*** Data below ***

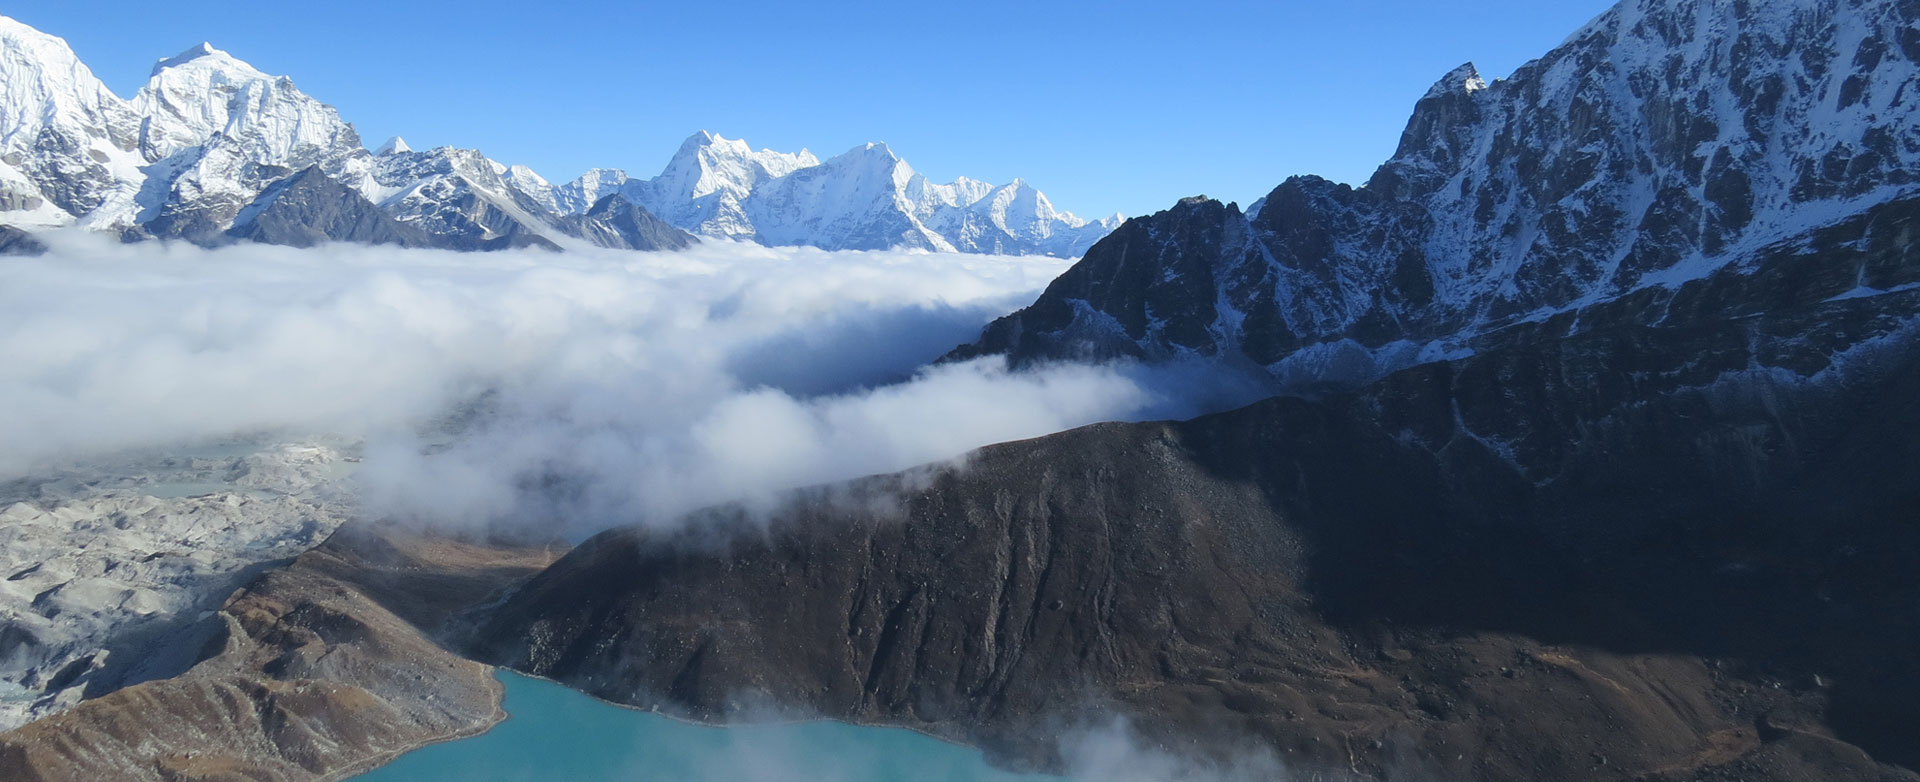 Goko Lakes - Everest Region
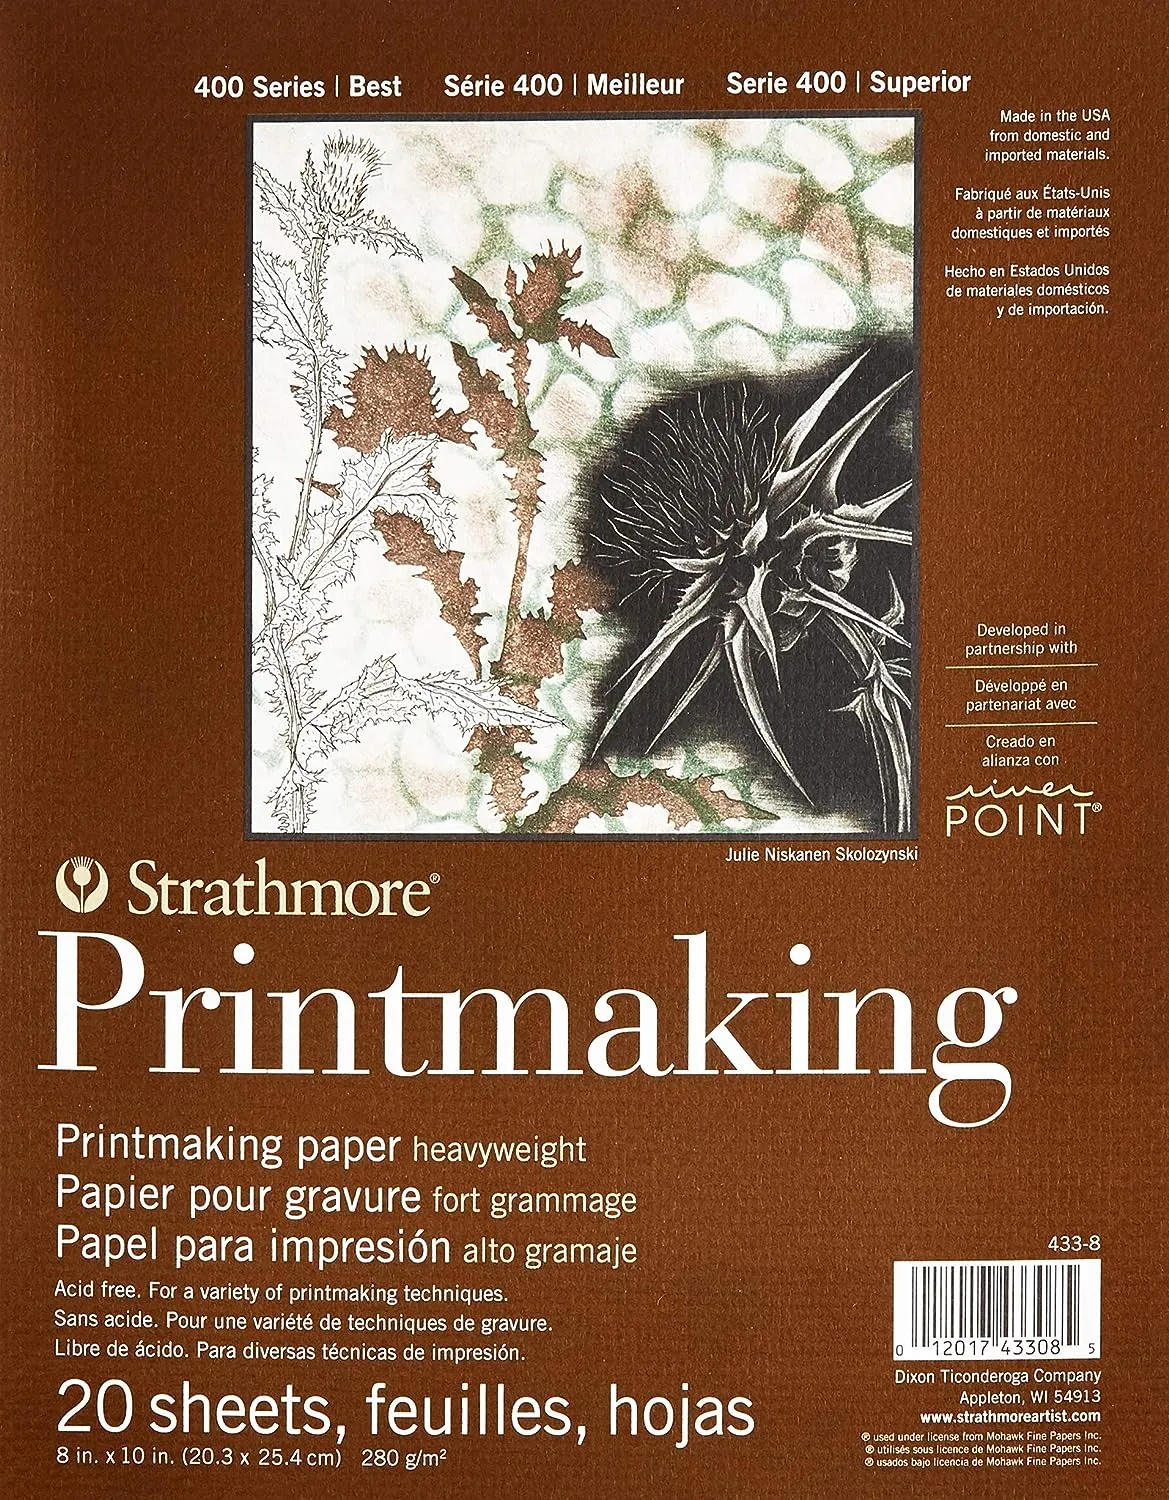 Pro-Art Strathmore printmaking paper
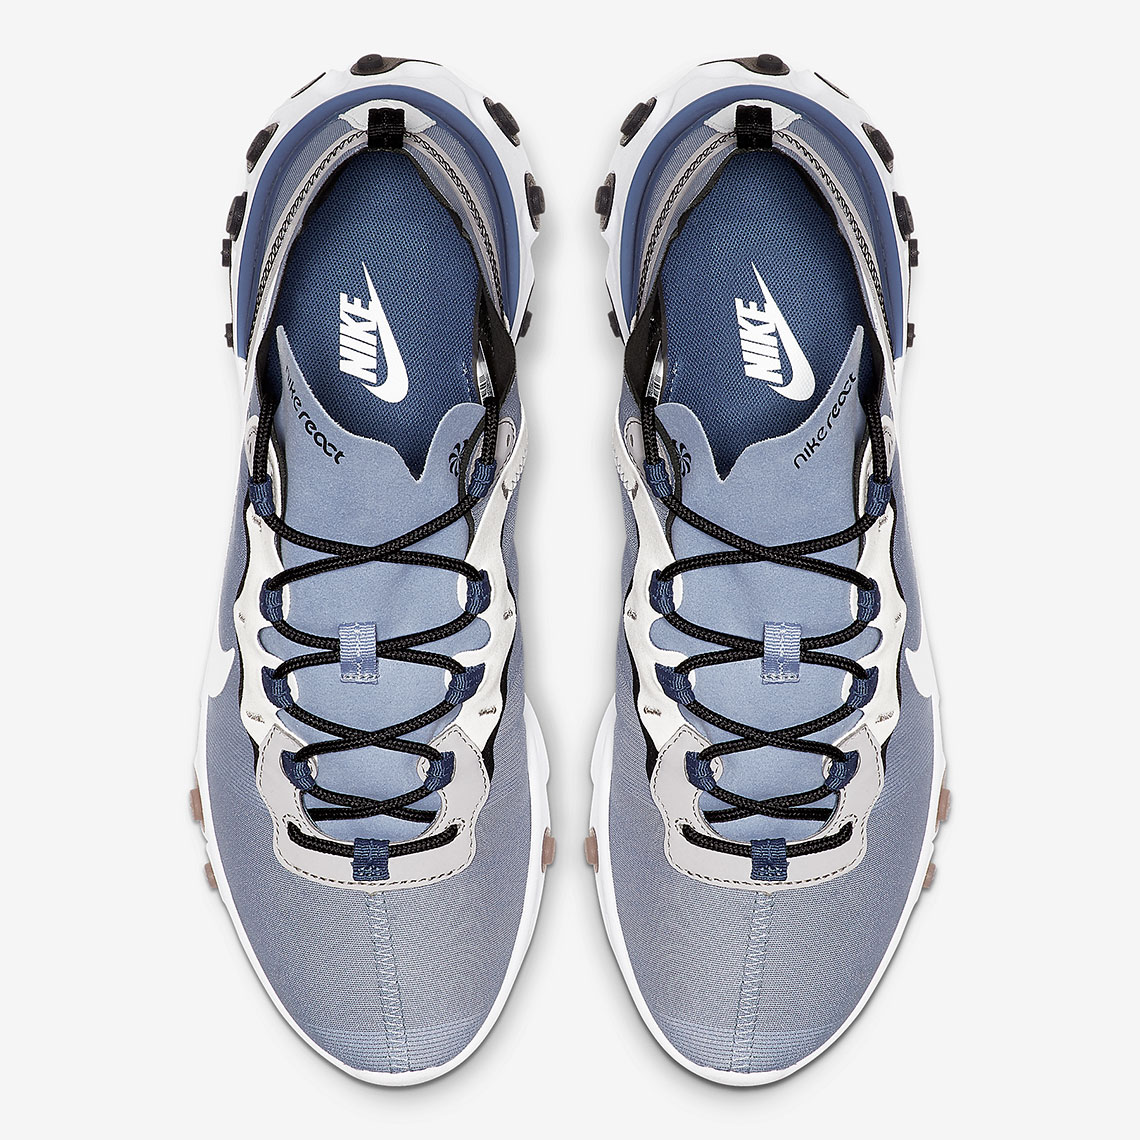 Nike React Element 55 Shoes Bq6166 402 Release Info Sneakernews Com

*** End of Data below ***

Reproduce the data in full. Do not carry over any picture.

 Goko Lakes - Everest Region
 Pro-Art Strathmore printmaking paper
 Nike React Element 55 Shoes Bq6166 402 Release Info Sneakernews Com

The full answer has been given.